MOVING FORWARD BY WORKING TOGETHER
These past three years, I’m proud of the work my team and I have done at City Hall to lay the foundation for a 15-minute city. We have brought a community-first approach to budgeting and good governance. We made investments in neighborhoods long forgotten by the city.
We did this with an unwavering commitment to our neighbors to build a healthy, vibrant, safe, and affordable city.
Healthy Communities
We prioritized community health when we funded the Green New Deal and invested nearly $3 Million to create Community Resilience Hubs for neighbors to escape extreme heat and smoke events. We preserved $112K for Rainier Beach’s A Beautiful Safe Place for Youth program and invested $550k for a Restorative Justice pilot program in schools.
Vibrant Neighborhoods
We prioritized the vibrancy of our communities with investments of $250K for an arts hub led by Black and brown youth, $2 Million towards the construction of Rainier Beach Skate Park, and $1.25 million to protect access to reproductive care & gender-affirming care.
Safety
For too long, community safety was understood largely as a criminal justice issue, without attention to the underlying causes of violence. We prioritized the making the CID and south end safe with $23.5 million in community economic recovery, neighborhood revitalization, micro-businesses, and cultural spaces, millions of dollars for sidewalk improvements across South Seattle—including Beacon Hill and Rainier Avenue, $440K to implement a Neighborhood Safety Model & increase street outreach in the Chinatown/International District, and more.
Affordability
Most importantly, we prioritized making life a little more affordable—because all these improvements mean nothing if the people who need them the most no longer live here to benefit from them: We supported and protected renters with our Tenants Bill of Rights, supported small businesses with stabilization funding, as well as $600K to protect critical homelessness services and programming.

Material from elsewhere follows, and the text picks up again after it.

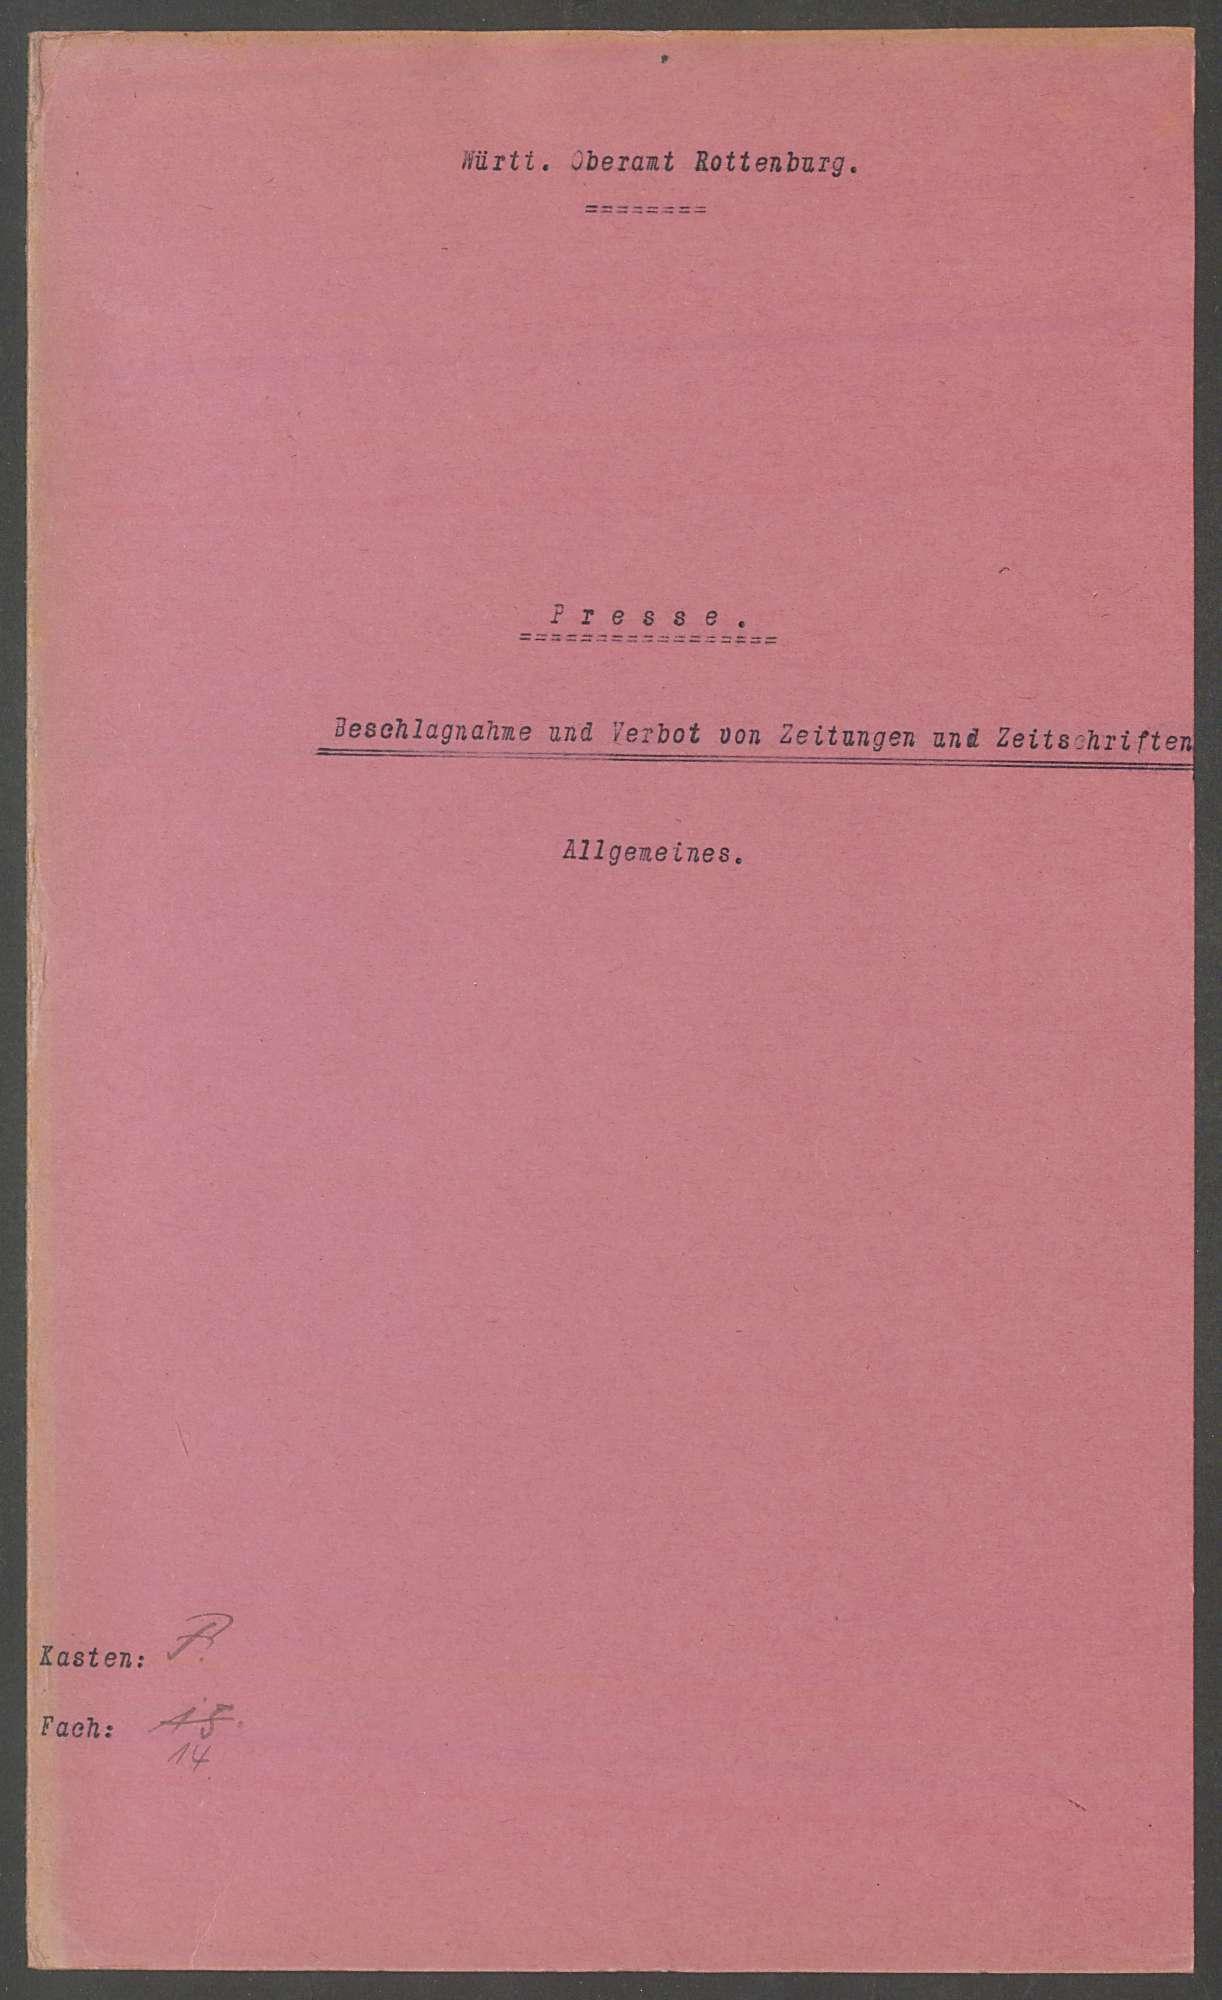 Beschlagnahme von Zeitschriften etc., Verbote, Bild 2

TOGETHER, WE CAN MAKE THE FUTURE WE ALL DESERVE
All of us, no matter our income or our race, deserve to live in a home where we feel secure, to easily get to work or school, and to put food on the table at the end of the day. These are the concerns I hear about from my community in District 2 and the values I bring with me every day to City Hall. By working together for the last four years we’ve made progress on connecting our communities, keeping people in their homes, and undoing past harms.
I’ve represented District 2 with unwavering commitment to the people of my community and our work is not done. Together, we can make the future we all deserve.
OUR WORK TOGETHER
I represent YOU at City Hall. I’ve spent the last four years listening to residents, workers, activists, and employers in our district to best serve our community. We’ve accomplished a lot together, but there are still pressing issues we face. We are working together to make our District and our City a place where all of us can thrive:
Affordable Housing for Everyone
Keeping people in their homes and finding housing for those who don’t have a home is an ongoing challenge in our city. Throughout the pandemic, I prioritized keeping people in their homes by enacting an eviction moratorium, closing the “end-of-lease loophole” to prevent evictions, and creating a new legal defense for renters. I directed critical funding to homelessness services and programming.
Restorative Justice
All of us deserve to feel safe and welcome in our communities, free from harm in our schools and public spaces. To start repairing the harm of the racist disciplinary system in our schools toward Black and Brown youth, I directed $550k for a restorative justice pilot program in Seattle high schools. To further protect our youth, I increased funding for Black girls and Black queer and transgender youth programs. To directly address harm inflicted on our community by law enforcement, I created a program for families and victims of police violence.
Our Connected Communities
Streets and greenspaces allow for walkable, connected neighborhoods. But in our district, those spaces have been in disrepair. In the past four years I’ve secured funding to improve sidewalks along Rainier Ave, on Beacon Hill, and throughout South Seattle. We engaged the community to make improvements to Lake Washington Blvd. We restored funding for the Georgetown to South Park Trail, the completion of Cheasty Greenspace Trail, and developed traffic calming projects for streets in south Seattle to make it safer for people of all ages and abilities to walk, bike, and roll.